Source material Block Start

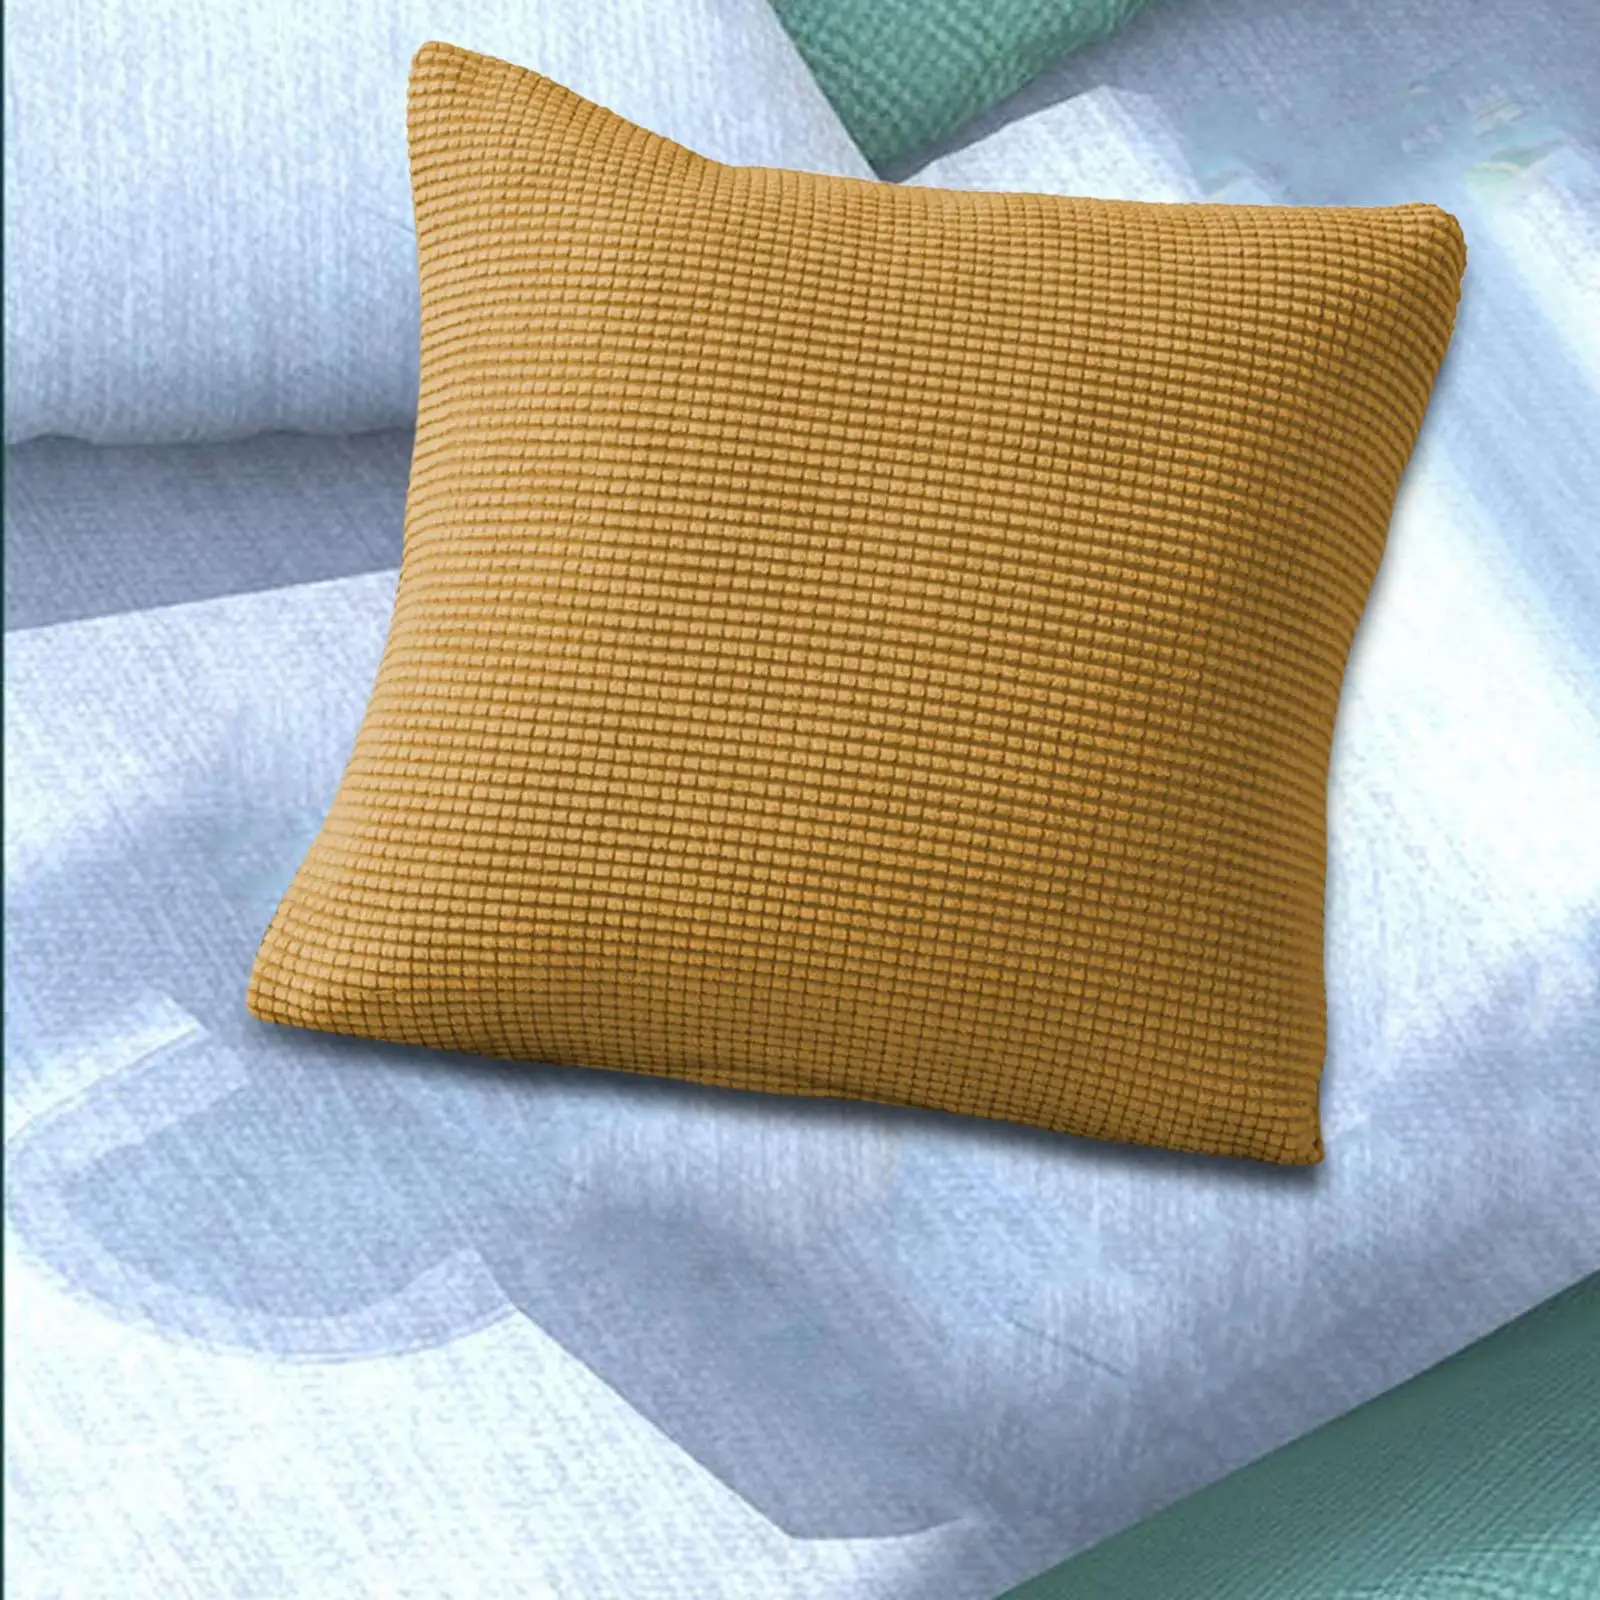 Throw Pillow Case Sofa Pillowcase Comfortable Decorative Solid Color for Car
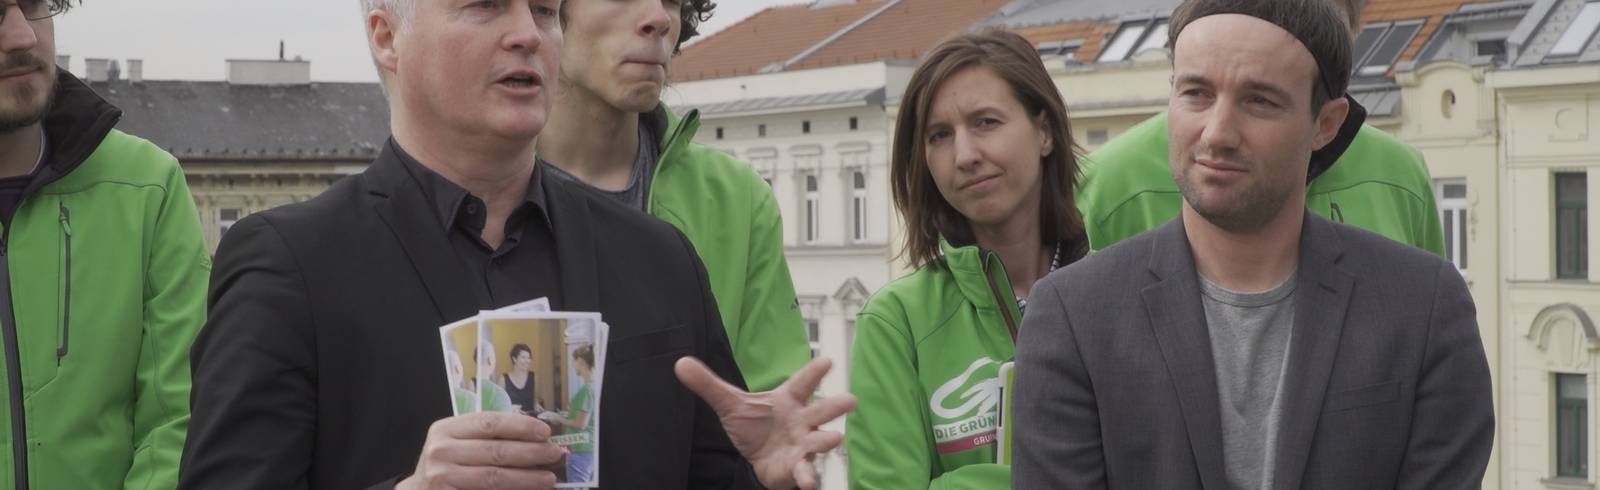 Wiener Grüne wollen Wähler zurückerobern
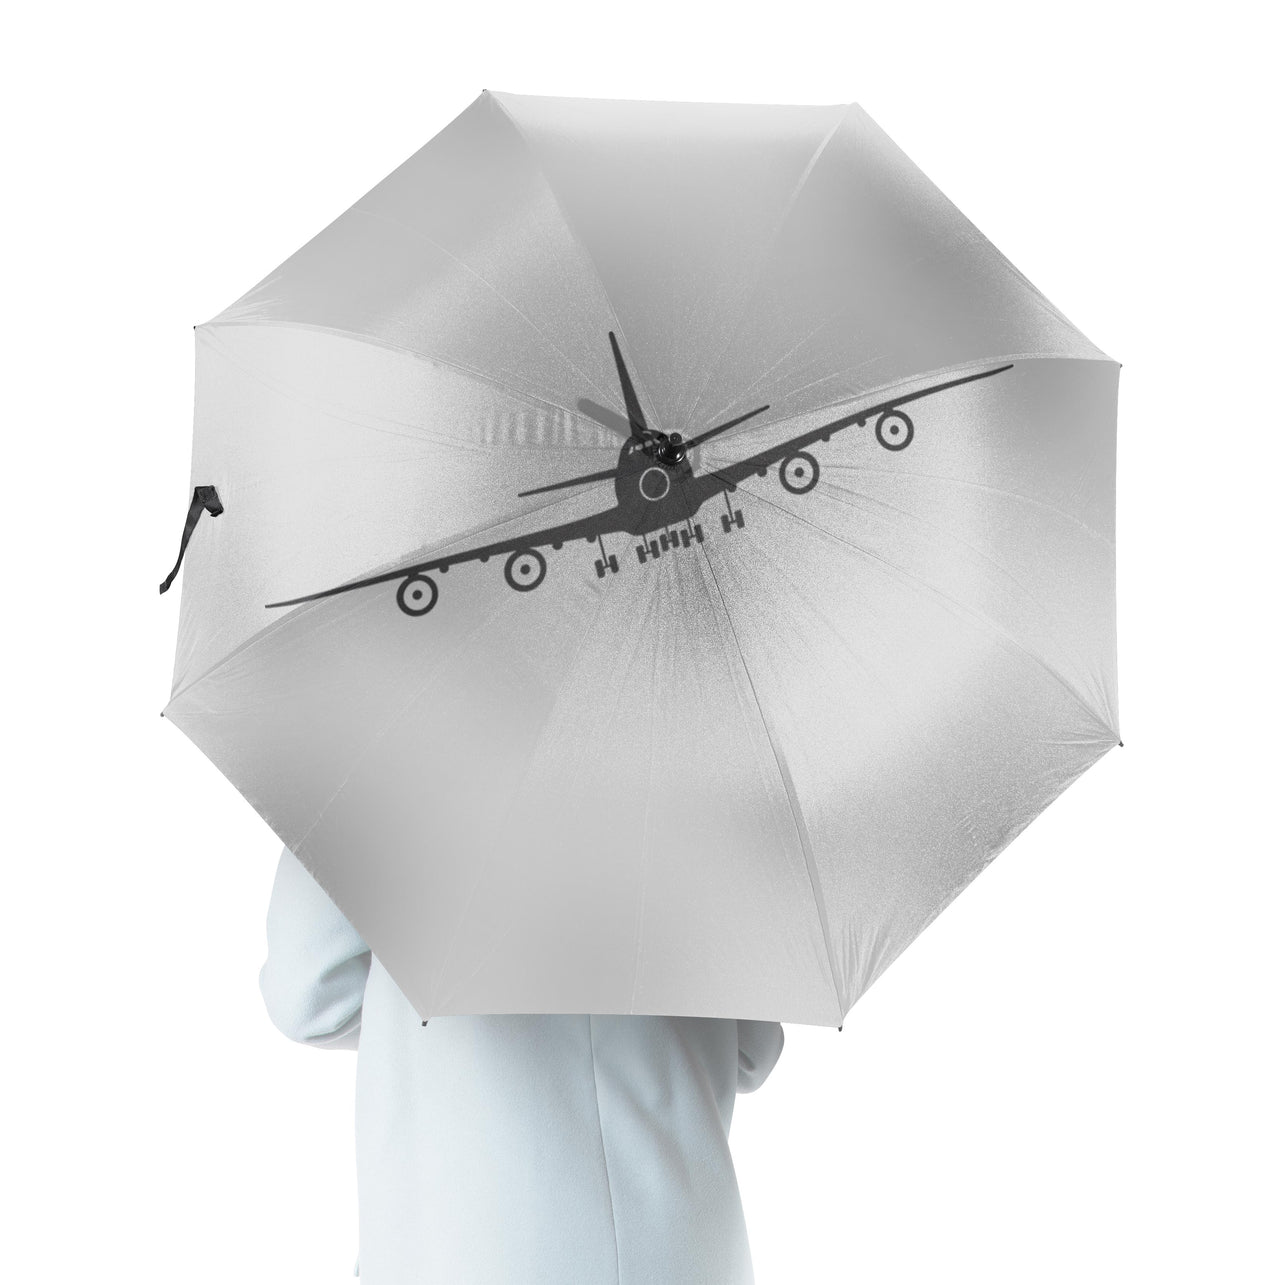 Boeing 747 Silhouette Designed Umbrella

Source material Block End

◆ Problem description: Please ensure that the data above is repeated exactly, with no pictures in the copy.

◆ Result of this exercise:
 Throw Pillow Case Sofa Pillowcase Comfortable Decorative Solid Color for Car
 Wiener Grüne wollen Wähler zurückerobern
 Boeing 747 Silhouette Designed Umbrella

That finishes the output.